Patients were imaged supine, head-first, and immobilized in a personalized Vac-lok™ bag to provide reproducible setup between imaging sessions and treatment position. An intravenous line was placed to deliver a bolus injection of ~5 mCi of 18F-FMISO, which was prepared by published methods [24]. An Anzai system (Anzai Medical, Tokyo, Japan) was attached to the lower abdomen to measure the respiratory signal.

List mode data were divided into frames of 6x30 sec; 3x1 min; 2x2 min; and 34x5 min. Each 3D volume of the dynamic PET image series was reconstructed into a 400×400×111 matrix (voxel dimensions, 2.036×2.036×2 mm) using a OP-OSEM algorithm incorporated with point spread function, time-of-flight information, and a 3.0 mm FWHM Gaussian isotropic post-reconstruction filter. Corrections for dead time, random coincidences, and scatter were applied for each frame. A 3D low-dose CT was acquired for attenuation correction.
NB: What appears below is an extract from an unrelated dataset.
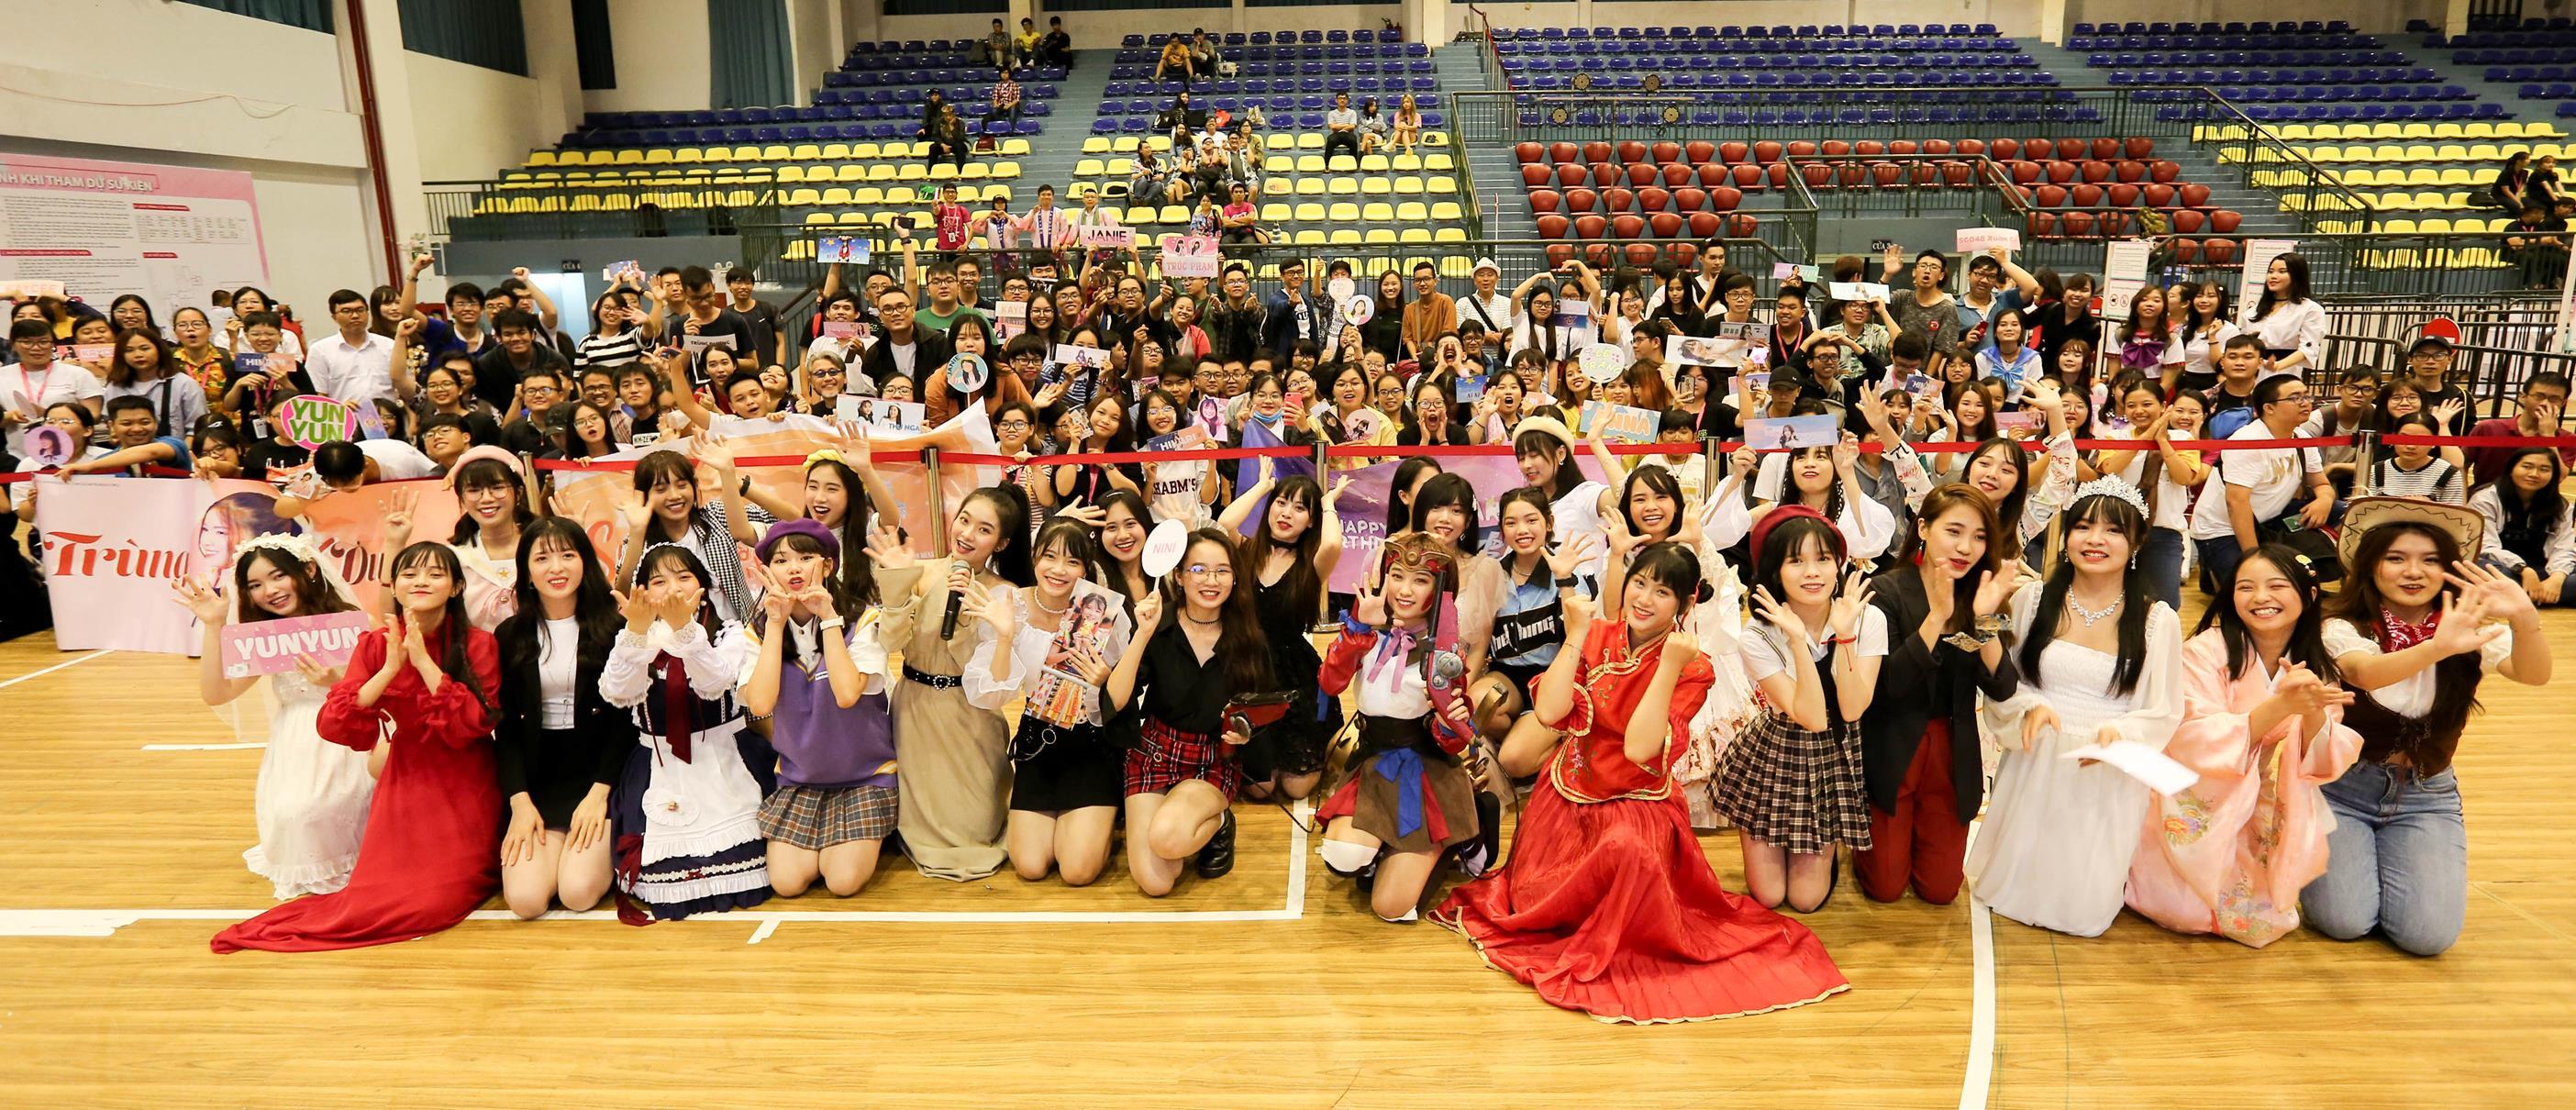 """Fan SGO48 chi luôn 10 triệu """"bóc"""" single tại chỗ để lấy vé nắm tay thần  tượng tại sự kiện Handshake TP.HCM"""

PET scans were co-registered to correct for body motion between same-day scans.

To create respiratory-corrected images, the PET listmode data acquired from 210-240 min was retrospectively binned into 8 phase frames (gates) according to patient Anzai respiratory signals. Maximum motion was defined by observing and measuring movement of one tumor point between inspiration and expiration gates of the 4DCT. The end-expiration gate was selected by viewing the coronal slice for each respiratory phase gate and selecting the phase where the liver position was the highest.

MEDx 7.1 (Medical Numerics, Sterling, VA) was used to visualize and process dynamic images. Image-derived input functions were identified by drawing a Region of Interest (ROI) on the transaxial slices containing the left ventricle (LV) blood pool in frames acquired < 2 min post-injection. The LV blood pool ROI was then applied to the dynamic PET dataset to generate an input function using the average activity. The heart time-activity curve (TAC), after its peak, was fitted using the sum of exponential functions (1-3 exponentials, automatically determined by minimizing the chi-square criterion) to reduce noise for more accurate kinetic analysis.

Absolute tumor volume was defined on the baseline low-dose pre-PET CT. Tumor diameter was measured on CT and tumor hypoxia ROI was drawn on the summed 210-240 min frame of the dynamic PET data for maximum 18F-FMISO binding.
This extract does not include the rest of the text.